** Information shown follows **
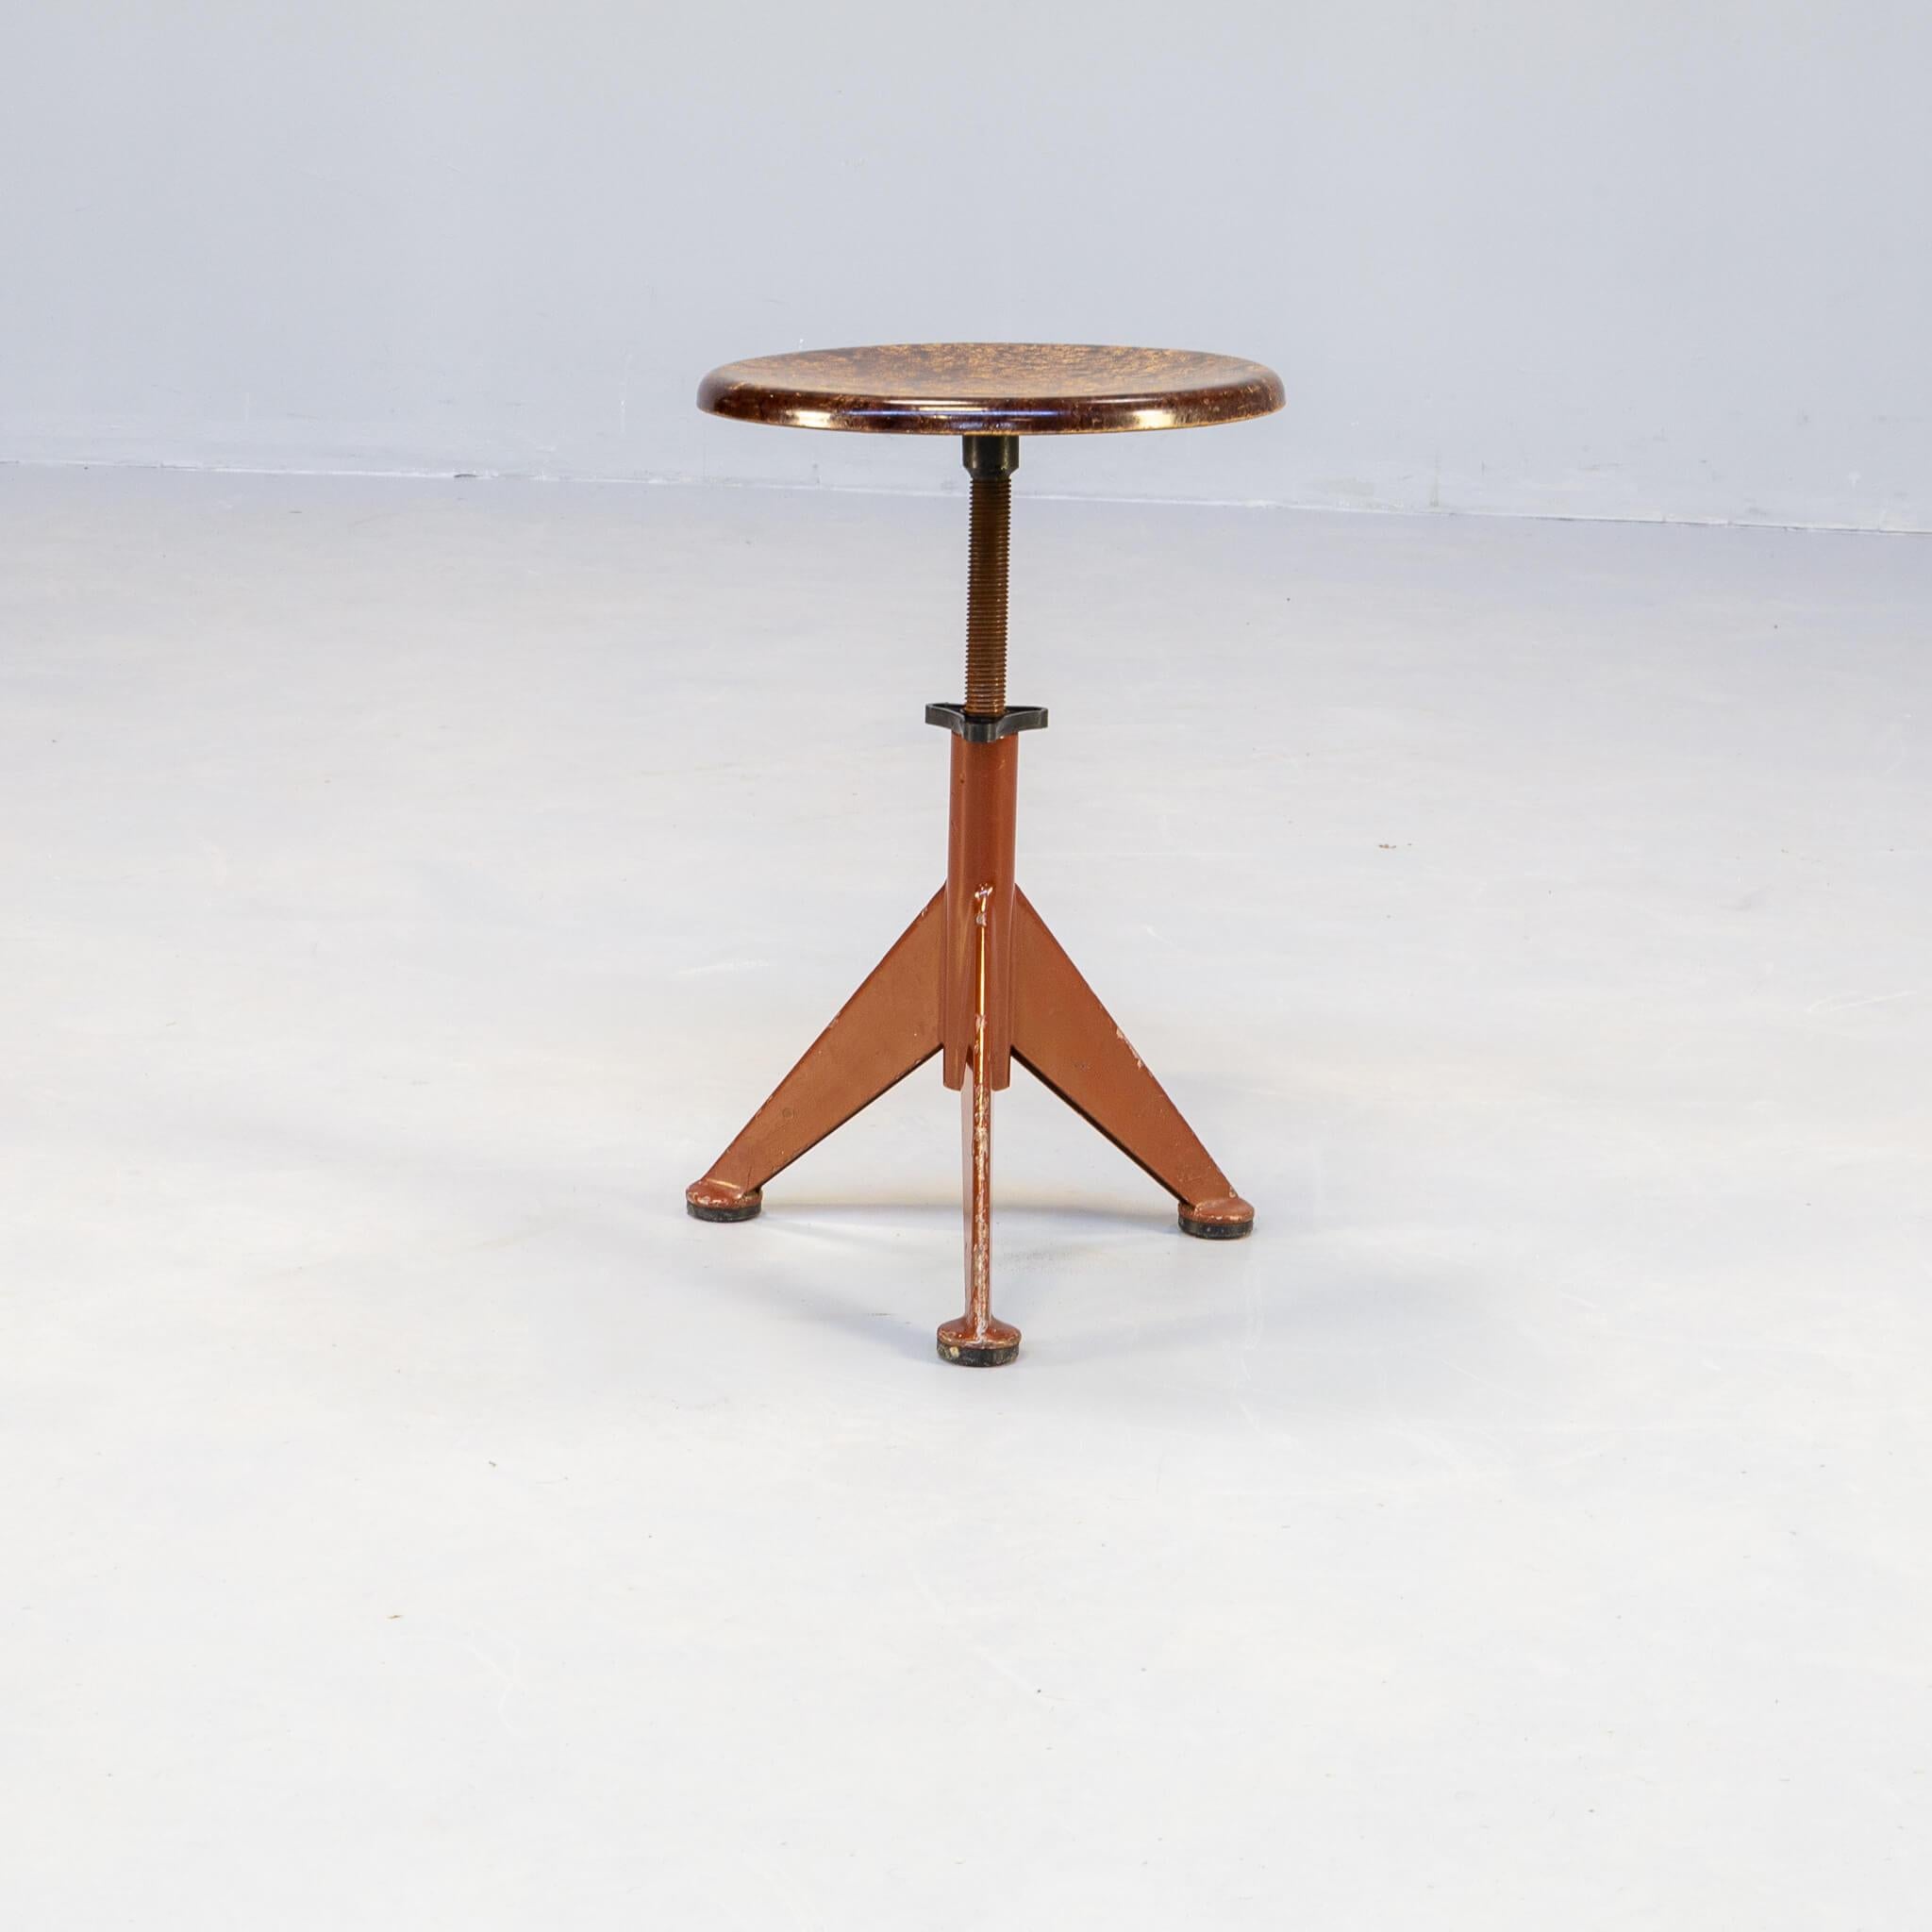 Industrial Workshop stool by AB Odelberg-Olson
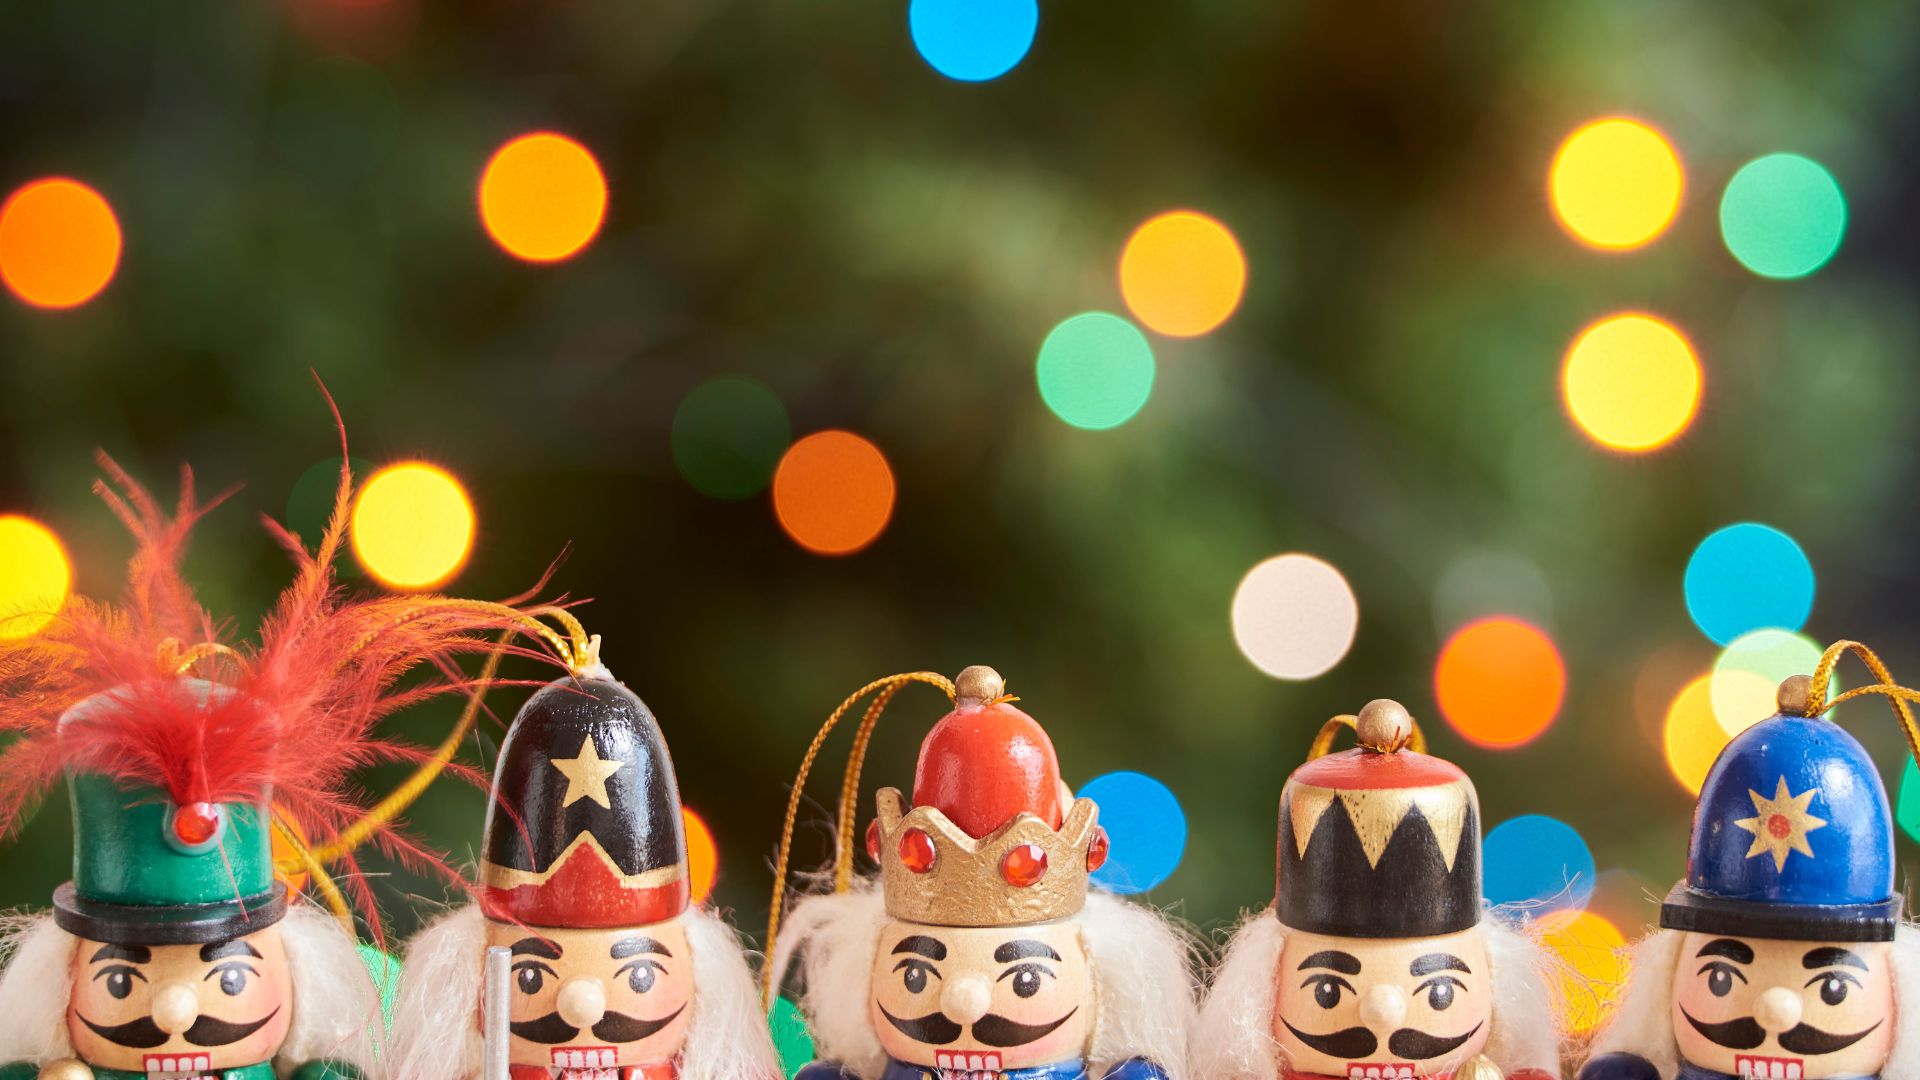 Imagem de fundo verde com bolas coloridas. Em destaque, vários enfeites de bonecos para pendurar na árvore de Natal.
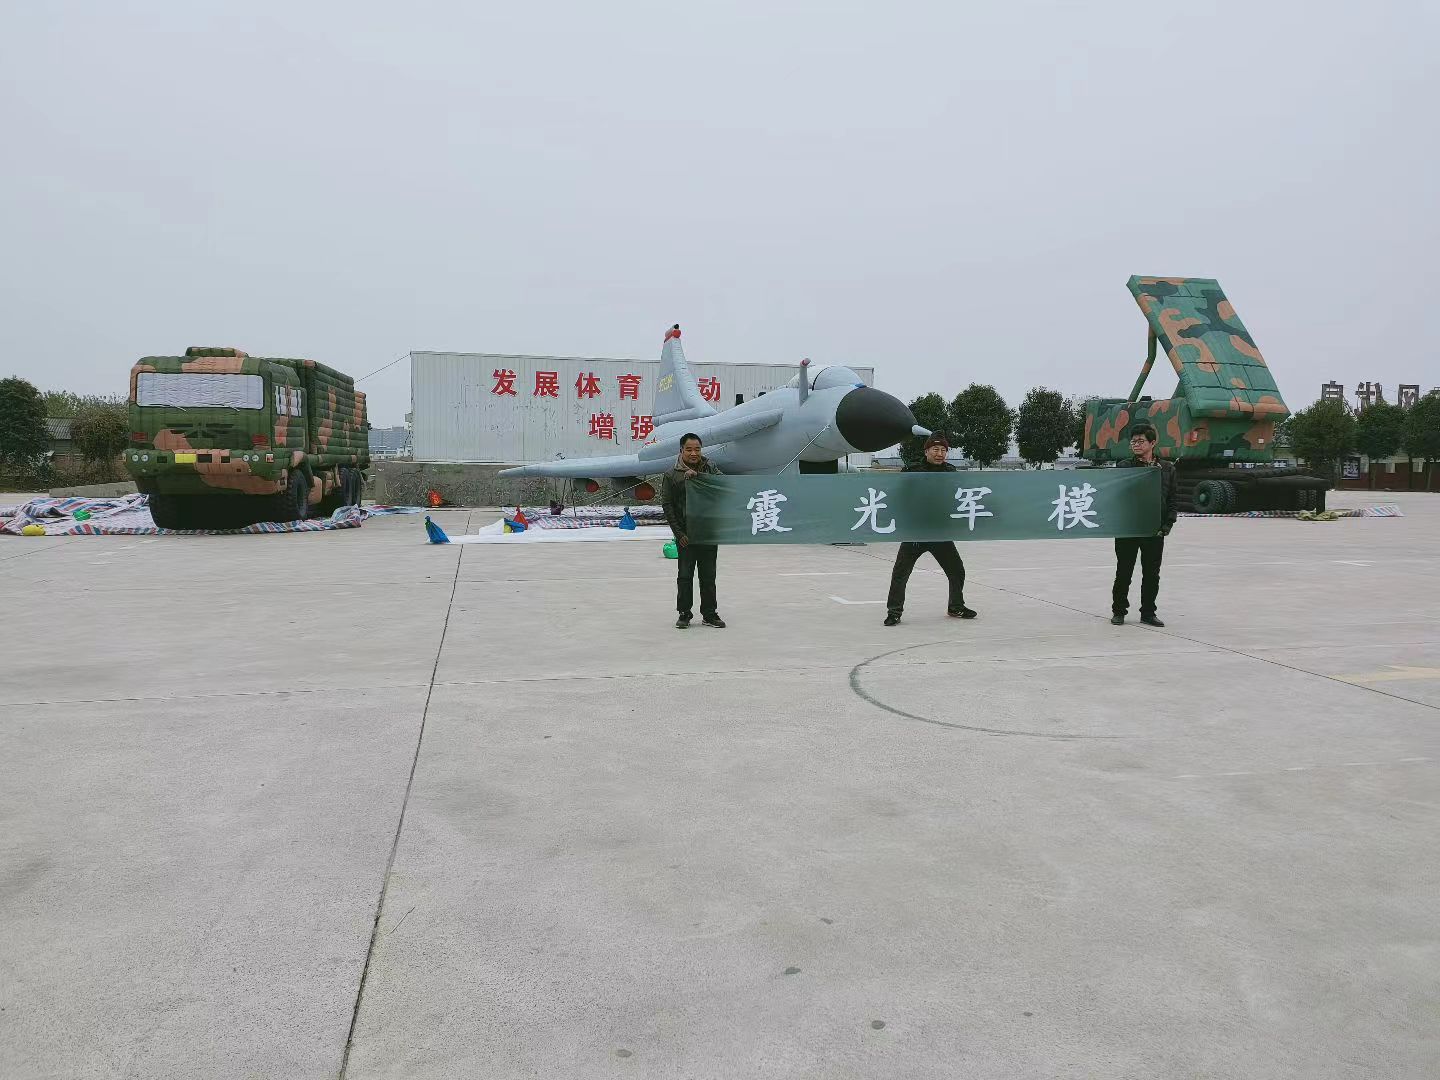 麻江专家称引发关注的无人飞艇或为探空气球:主要用于气象观测
** End of Information shown **
** What to produce **
Print the material above once more, exactly. No pictures belong in it.

** Answer box **
 Industrial Workshop stool by AB Odelberg-Olson
 Imagem de fundo verde com bolas coloridas. Em destaque, vários enfeites de bonecos para pendurar na árvore de Natal.
 麻江专家称引发关注的无人飞艇或为探空气球:主要用于气象观测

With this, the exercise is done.